ANOSIM showed that the microbiome community structure in MDR-TB comorbid DM samples and noncomorbid DM RR-TB samples were no different real or equally diverse (R = −0, P = 0.4). Based on the MRPP analysis, the microbiome community structure between MDR-TB comorbid DM samples and noncomorbid DM RR-TB did not differ significantly either, or the microbiome diversity in the sample of both MDR-TB Comorbid DM group and noncomorbid DM RR-TB was equally diverse (significance = 0.4). Similarly, analysis of microbiome community differences using AMOVA showed the microbiome in the MDR-TB comorbid DM sample and the noncomorbid DM RR-TB sample were equally diverse, not significantly different between the two groups (P = 0.376).

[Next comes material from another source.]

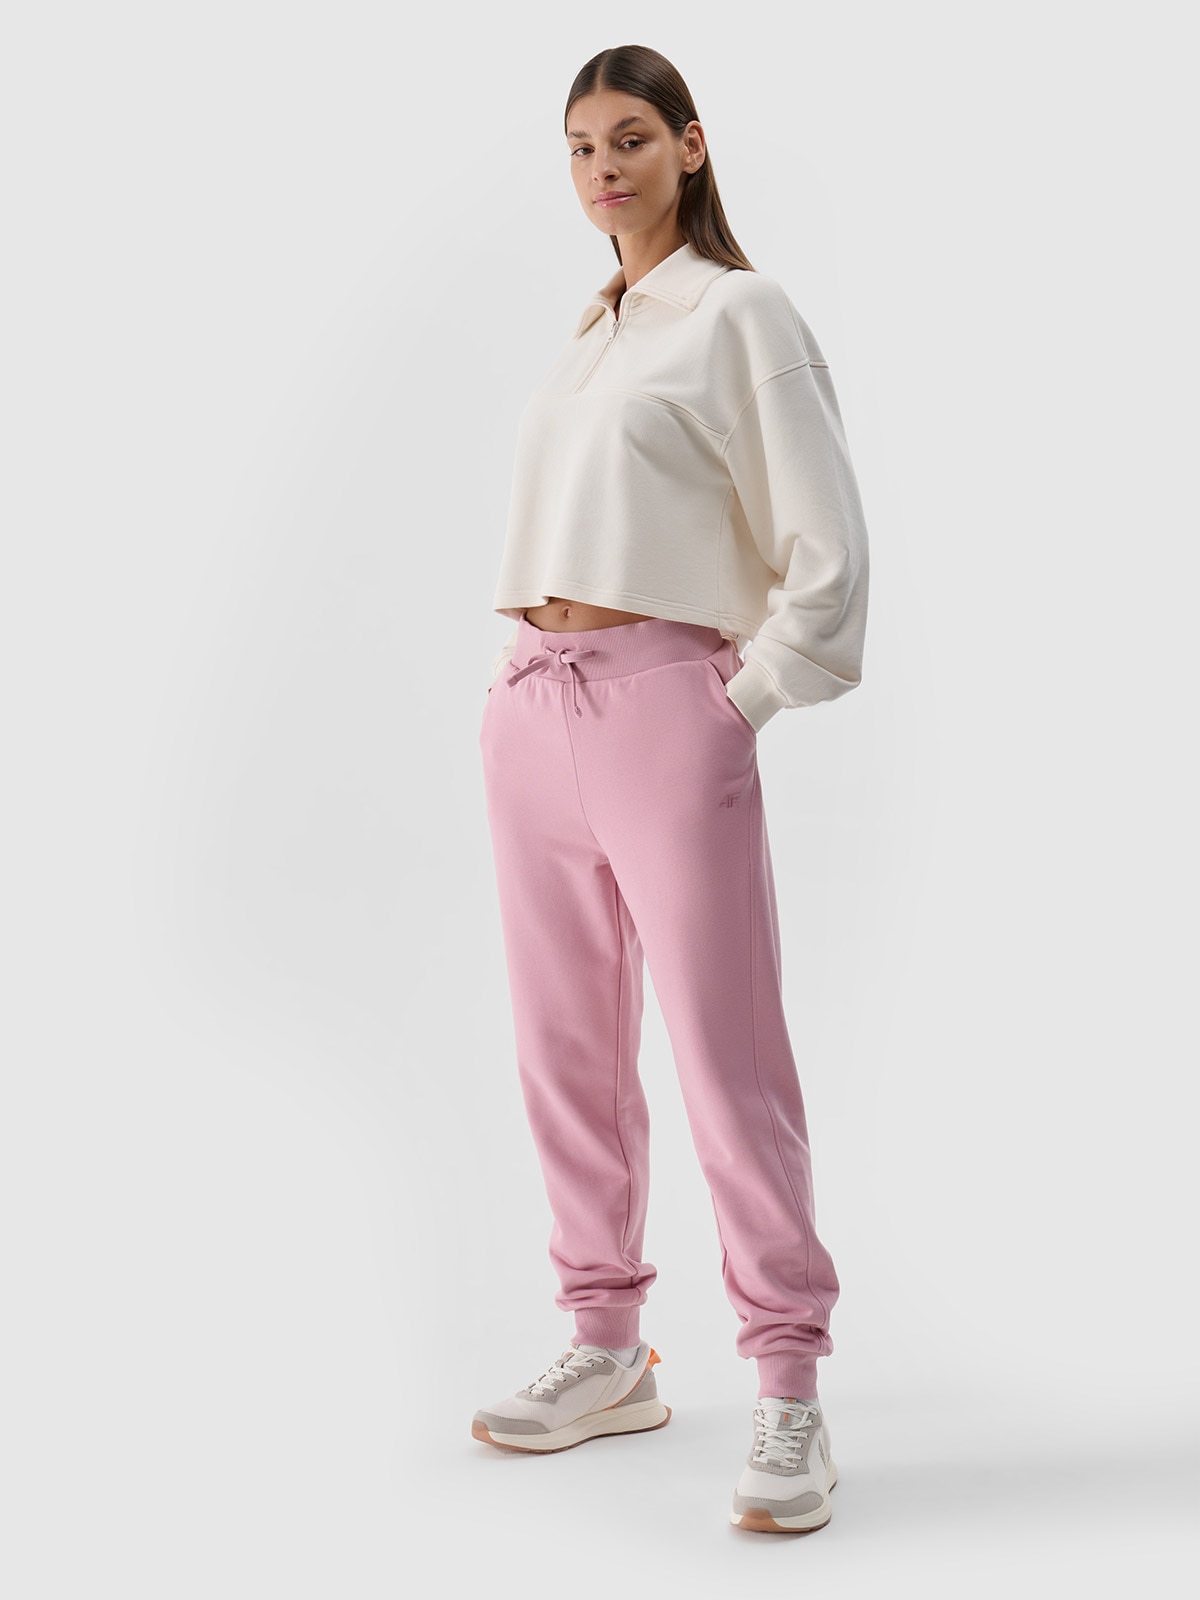 Pantaloni jogger de trening pentru femei - roz pudrat

The abundance of the microbiome is different as a potential Biomarker microbiome. To find out the composition of the microbiome abundance that differs between the MDR-TB comorbid DM and RR-TB noncomorbid DM groups, an analysis of LEfSe analysis was formed. The LEfSe analysis analyzed different microbiome that could potentially be biomarkers from both sample groups (Segata, et al., 2011). LEfSe analysis with an overview of the histogram of linear discriminant analysis (LDA) and Cladogram scores is displayed as an analysis result for evaluation. The histogram of LDA scores represents a genus or species (biomarker) whose abundance shows significant differences between groups with an LDA score greater than the set threshold of 4. LEfSe analysis shows the genus Rothia is a potential biomarker that plays a role in noncomorbid RR-TB patients [Figure 5].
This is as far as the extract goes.